# Simple velocity question

1. Jul 7, 2011

### rjs123

1. The problem statement, all variables and given/known data

An object is traveling in a straight line with an initial velocity of 3 m/s and an acceleration a(t) = st, where s = 2 m/s ^3 and t is measured in seconds. Find a time T such that v(T) = 21 m/s.

I wanted to use v = vo + at ... to find t...but the function of a(t) is kind of confusing...also i just started physics a couple weeks ago...so bear with me.

2. Jul 7, 2011

### SammyS

Staff Emeritus
v = vo + at is true is acceleration is constant.

In general a(t), a as a function of t is given by, $\displaystyle a(t)=\frac{d}{dt} v(t)$, acceleration is the time derivative of the velocity.

Therefore, velocity is the anti-derivative of the acceleration.

$$v(t)=\int a(t)\,dt$$
You will need to evaluate the constant of integration by considering the initial conditions.

If you're more comfortable treating it as a definite integral, then $\displaystyle v(t)=\int_{t_0}^{t} a(t)\,dt \,.$

3. Jul 7, 2011

### rjs123

ok...where does the initial velocity get plugged into that equation though.

When you integrate dont you just get 1/2*at^2

I got caught up on the cubed part of the acceleration...because im used to seeing it squared...like 9.8 m/s ^2.

4. Jul 7, 2011

### tiny-tim

hi rjs123!

(try using the X2 icon just above the Reply box )
no

(if a is constant, and you integrate a twice, you get 1/2 at2)

you have dv/dt = st, so integrate to get v

5. Jul 7, 2011

### rjs123

i understand it goes

x(t) = position

x'(t) = velocity

x''(t) = acceleration

to get the velocity from the acceleration just integrate...i understand that...but setting up the problem is the thing i'm having difficulty with even though it is something simple...the thing that makes me troubled is that the acceleration isn't constant.

6. Jul 7, 2011

### Staff: Mentor

That's why you want to integrate the acceleration; because it is not constant but a function of time.

You have an expression for a(t), and you want to integrate a(t).

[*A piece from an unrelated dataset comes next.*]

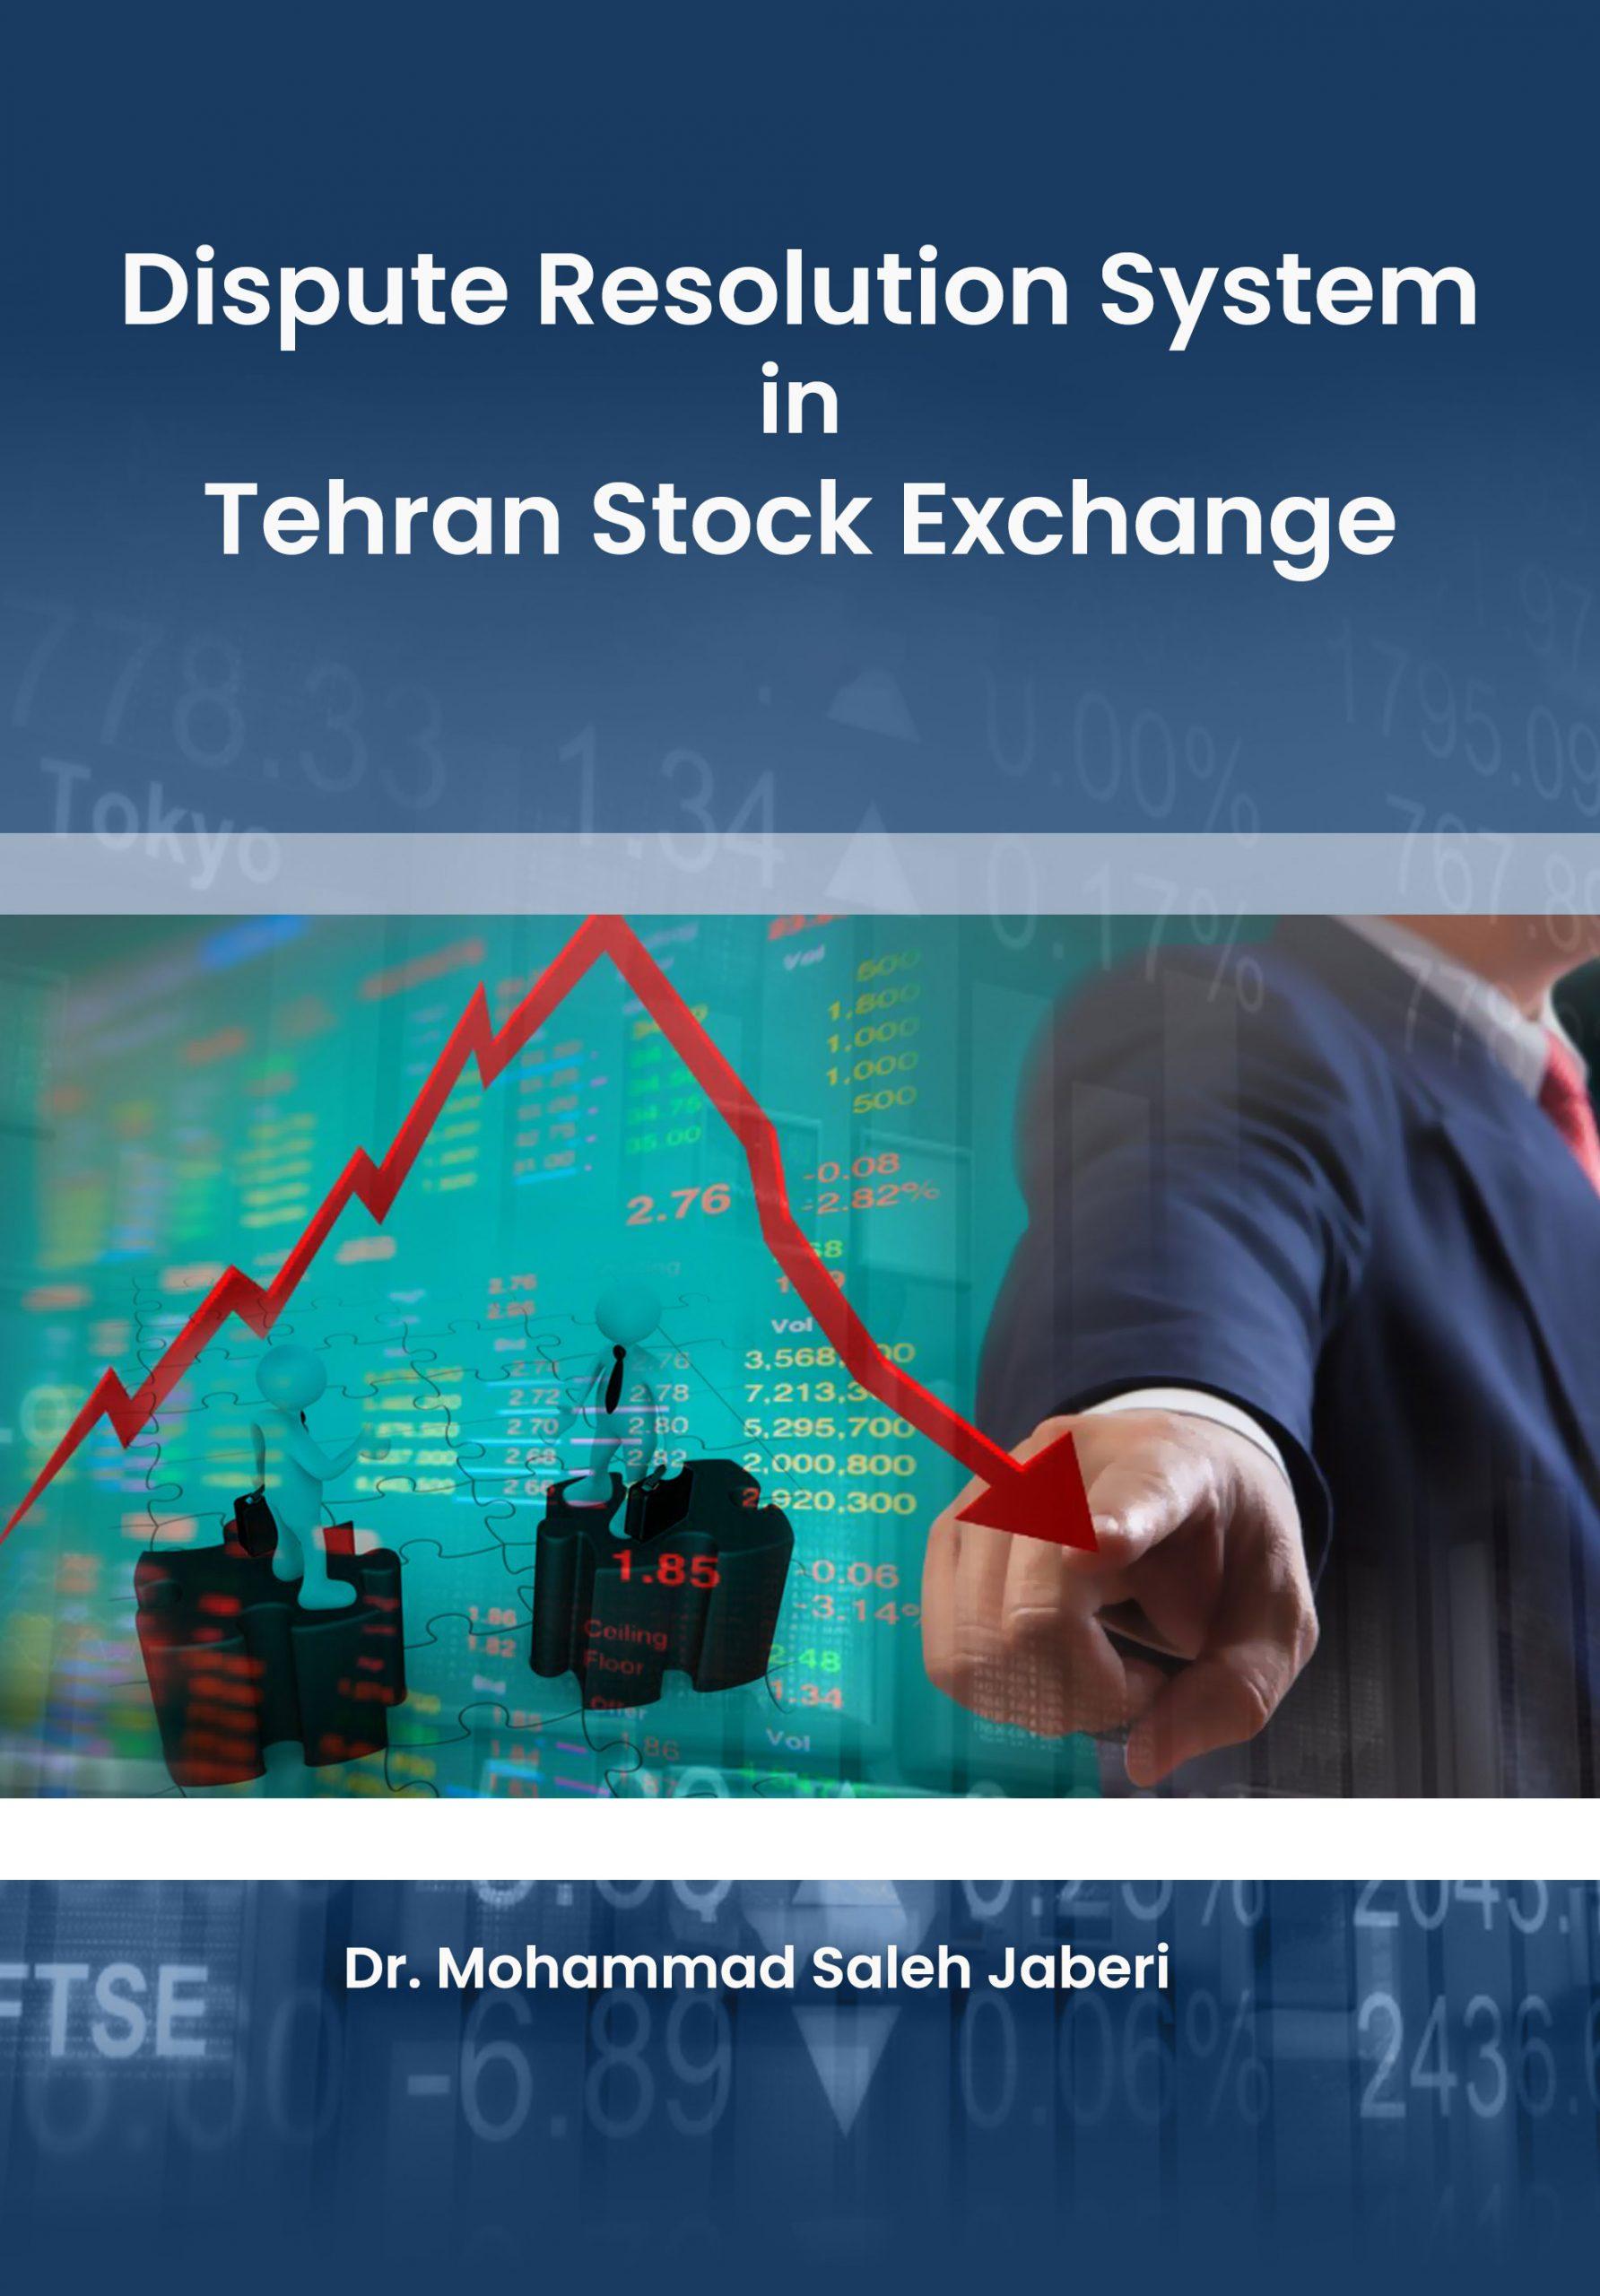 Dispute Resolution System in Tehran Stock Exchange

So....

7. Jul 7, 2011

### Superstring

At time t=0, the velocity is 3 m/s. When you integrate the acceleration you get a new function of t plus a constant. What do you thing that the constant should be to satisfy the conditions?

If a didn't change with time (it was constant), then when you integrate you would get $\frac{1}{2}at^2$, but your acceleration DOES change with time so you will end up with something different.

The 's' part isn't the acceleration - 'st' together is the acceleration. When you multiply m/s3 by seconds, you get m/s2 which are the correct units for acceleration.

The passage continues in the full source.